Usage: terraform taint [options] address
Note: The address argument is the address of the resource to mark as tainted. The address is in the resource address syntax syntax, as shown in the output from other commands, such as: aws_security_group.allow_all , aws_instance.foo , aws_instance.bar[1].
18. Command: fmt
Runs terraform fmt to validate all Terraform files in a directory are in the canonical format. If any files differ, this action will comment back on the pull request with the diffs of each file.
Usage: terraform fmt [options] [DIR]
This action succeeds if terraform fmt runs without error.
By default, fmt scans the current directory for configuration files. If the dir argument is provided then it will scan that given directory instead. If dir is a single dash (-) then fmt will read from standard input (STDIN).
19. Command: output
The terraform output command is used to extract the value of an output variable from the state file.

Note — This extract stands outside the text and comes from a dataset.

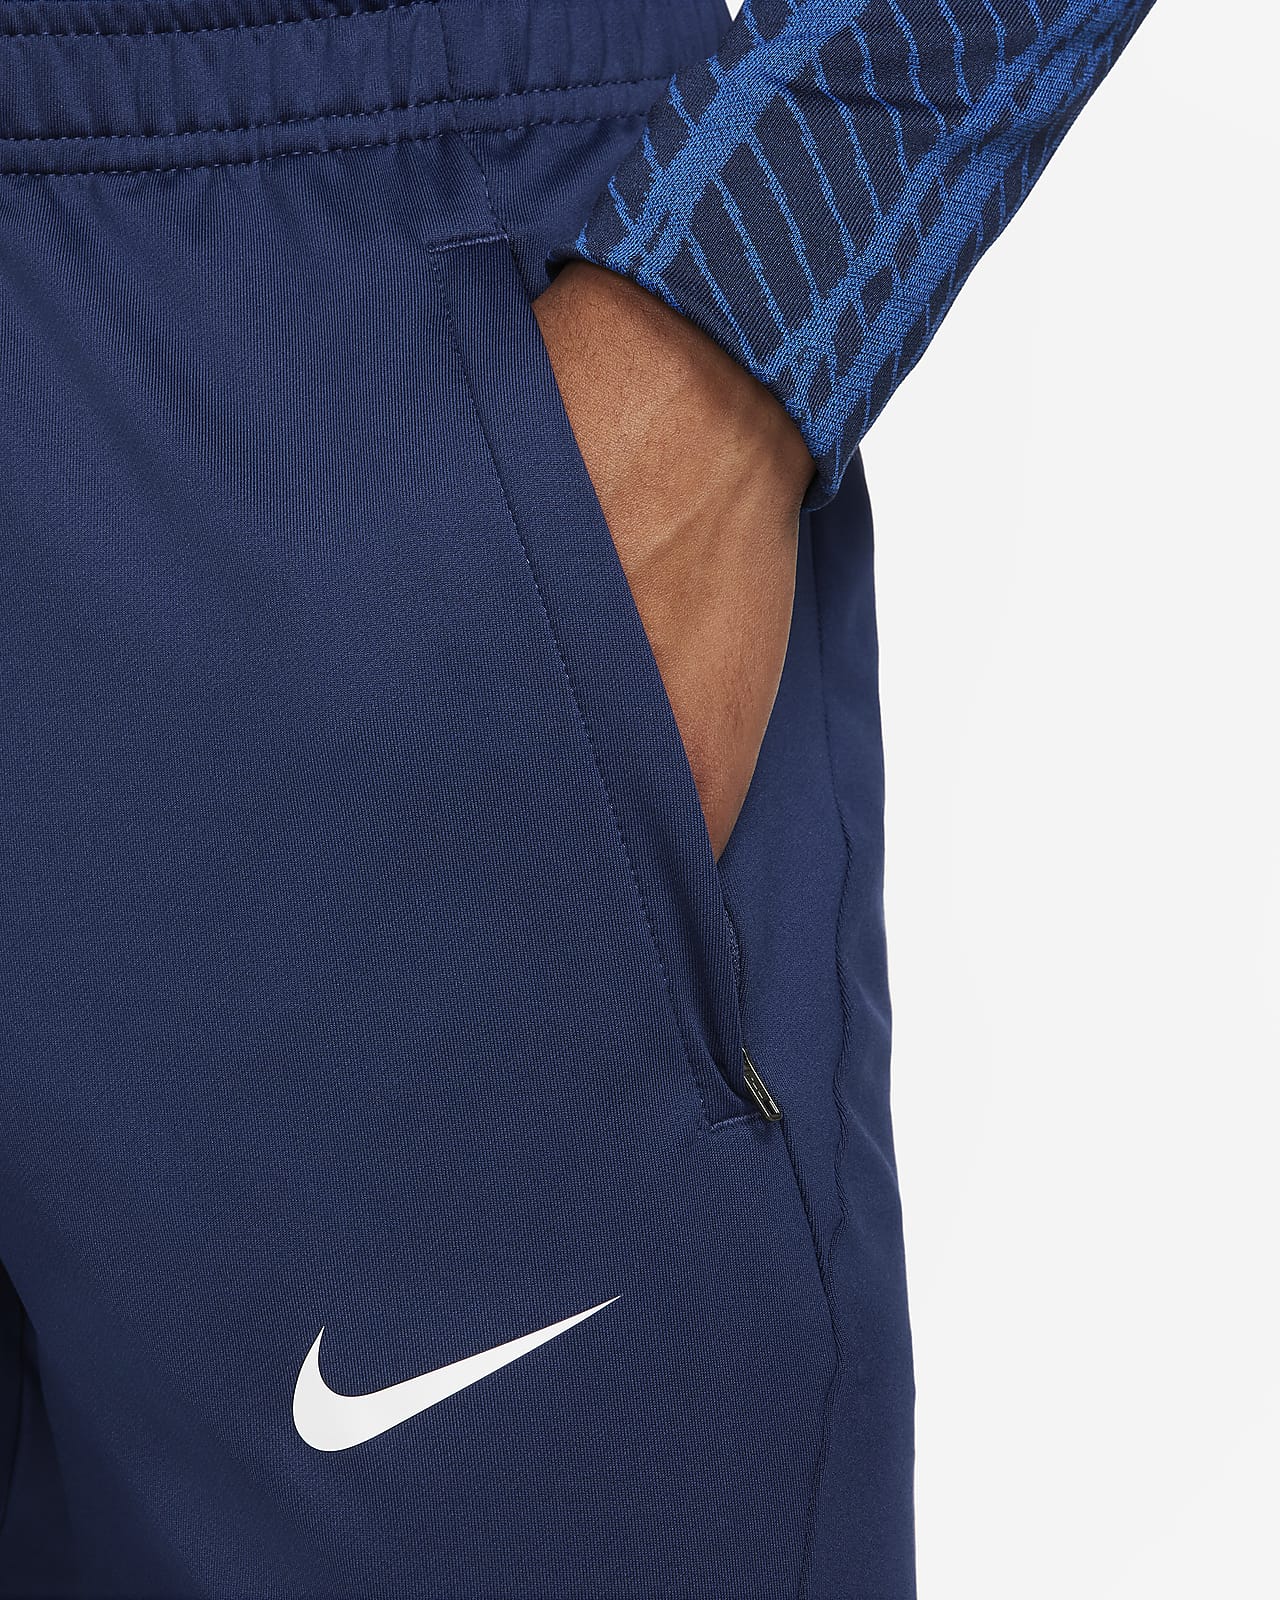 Nike, Dri-FIT Strike Soccer Pants Mens, Performance Tracksuit Bottoms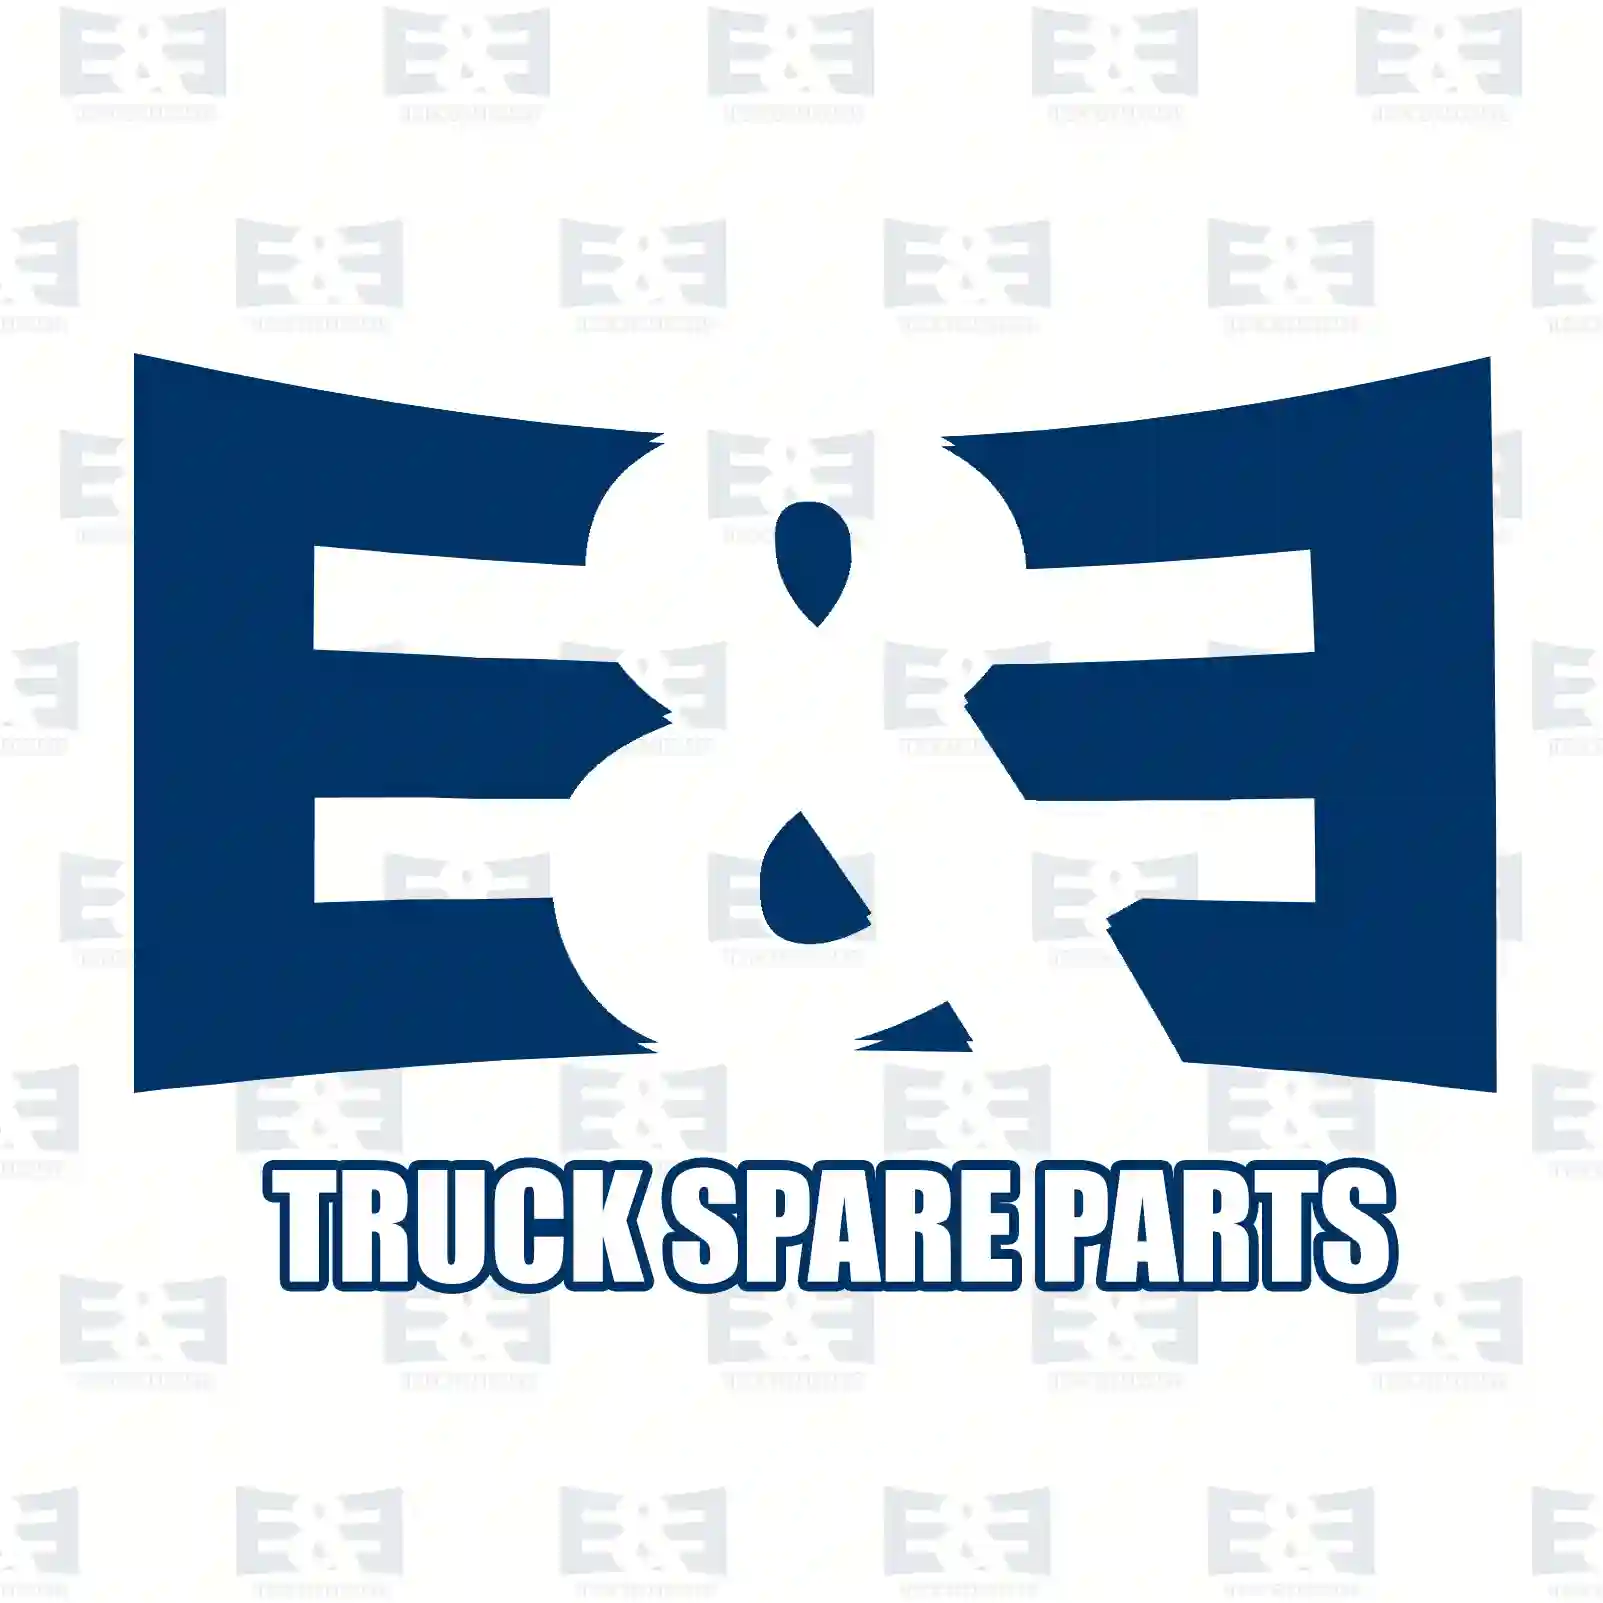 Socket bulb, 2E2298629, 0627256, 1232042, 1331287, 627256, ZG20905-0008 ||  2E2298629 E&E Truck Spare Parts | Truck Spare Parts, Auotomotive Spare Parts Socket bulb, 2E2298629, 0627256, 1232042, 1331287, 627256, ZG20905-0008 ||  2E2298629 E&E Truck Spare Parts | Truck Spare Parts, Auotomotive Spare Parts

Usage: terraform output [options] [NAME]
With no additional arguments, output will display all the outputs for the root module. If an output NAME is specified, only the value of that output is printed.
20. Command: logout
The terraform logout command is used to remove credentials stored by terraform login. These credentials are API tokens for Terraform Cloud, Terraform Enterprise, or any other host that offers Terraform services.
Usage: terraform logout [hostname]
If you don’t provide an explicit hostname, Terraform will assume you want to log out of Terraform Cloud at app.terraform.io.